In addition to FcR aggregation, internalization of the antigen via antibody dependent cellular phagocytosis (ADCP) is an Fc effector function that can occur in neutrophils, monocytes, macrophages and dendritic cells (Figure 2D). Neutrophils express FcRs that engage IgG and IgA with phagocytosis (79), production of reactive oxygen species (80) and neutrophil extracellular traps (NETs) (81, 82) as potential consequences. Monocytes and macrophages can respond to IgG, IgA and, sometimes, IgE mediated antigen uptake (62) with autophagy (83) and vesicular trafficking into the lysosome (84) as well as inflammasome activation (85, 86). In contrast, ADCP in dendritic cells induces antigen presentation, cytokine production and maturation (70, 87–89). Thus, FcR crosslinking induce multiple effector immune functions that are cell type specific.

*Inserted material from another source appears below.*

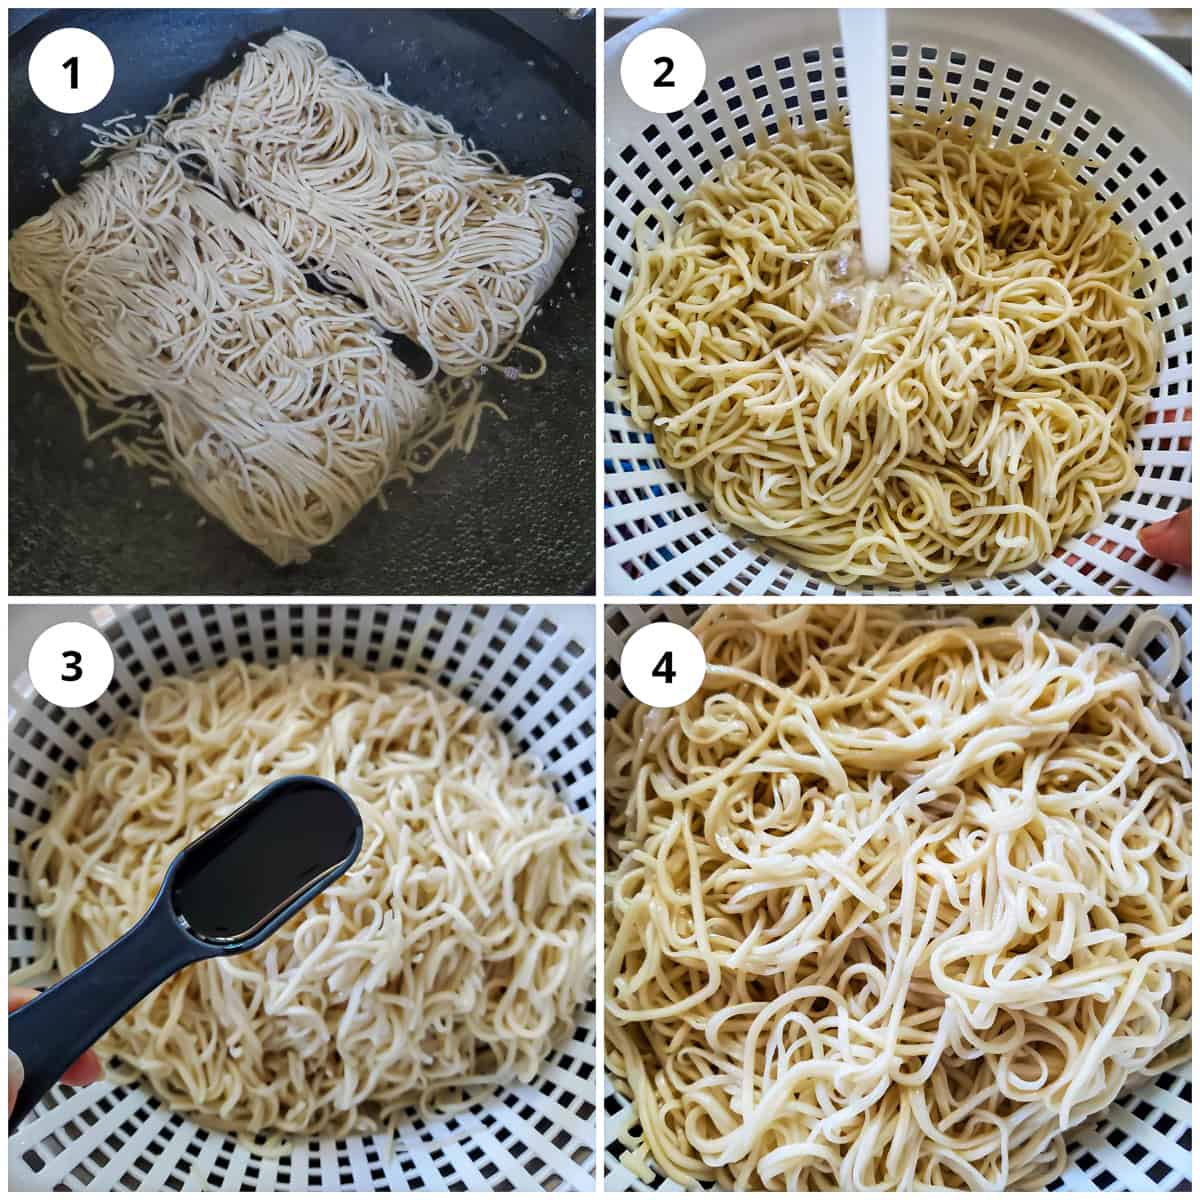 Step wise pic of boiling, straining noodles and coating with oil

In TB, antibody cellular effector functions have been described to potentially impact bacteria during initial acquisition of infection and in latent and active TB. In vitro Mtb infection studies show that opsonophagocytosis is influenced by antibodies from BCG vaccination (32, 48, 90). Because extracellular Mtb is thought to exist primarily during initial acquisition of infection and active TB, divergent cellular effector functions resulting from ADCP could be more relevant in these states. Differential macrophage phagolysosomal co-localization and inflammasome activation with intracellular bacteria are reported with polyclonal IgG from latent and active TB (16). Because intracellular Mtb is associated with latent infection, cellular effector functions that target an infected host cell as opposed to bacteria alone could be relevant. This could be ADCC but more broadly speaking, any effector cell function that could impact an infected target cell (for example granule or cytokine release, vesicular trafficking, the production of reactive oxygen species) in cis or trans is plausible. To this point, the discovery of new receptors that bind to antibodies such as the cytoplasmic TRIM21 brings opportunities to expand the repertoire of linked cellular effector functions such as ubiquitination and degradation of intracellular organisms (91). How cytoplasmic receptors, as opposed to cell surface expressing receptors, mediate responses to intracellular Mtb is not known but broadens the potential mechanisms by which antibodies modulate the immune response in TB.
B Cell Functions
T cell-B cell interactions in lymphoid follicles lead to the development of long-lived, antigen-specific humoral responses from plasma cells and plasmablasts (92) (Figure 3A). Expression of the CXCR5 chemokine receptor helps define the structure of B cell follicles by facilitating CD4 T cell trafficking to germinal centers. In secondary lymphoid organs such as lymph nodes and tertiary lymphoid structures in the Mtb-infected lung, CD4+ CXCR5+ T cells are thought to mediate host protective responses (93, 94). CCR7 regulates the trafficking of B cells toward the T cell zone, where they present endocytosed antigen in the form of peptide fragments loaded onto major histocompatibility complex type II (MHC-II) molecules to CD4 T cells (95). In addition, naïve and central memory CD4 T cells express CCR7, enabling circulation through lymphoid organs and interactions with antigen presenting cells (APCs). CCR7 knockout mice have a decreased ability to control Mtb growth after high but not low dose aerosol infection (51, 96). The T cell response is delayed in these knockout mice but whether this is due to a decreased CCR7 mediated B cell trafficking and maturation is less clear. Thus, the co-localization of T cells and B cells in secondary and tertiary lymphoid structures are opportunities for reciprocal interaction and synergy that could influence outcomes in TB (Figures 3B, C).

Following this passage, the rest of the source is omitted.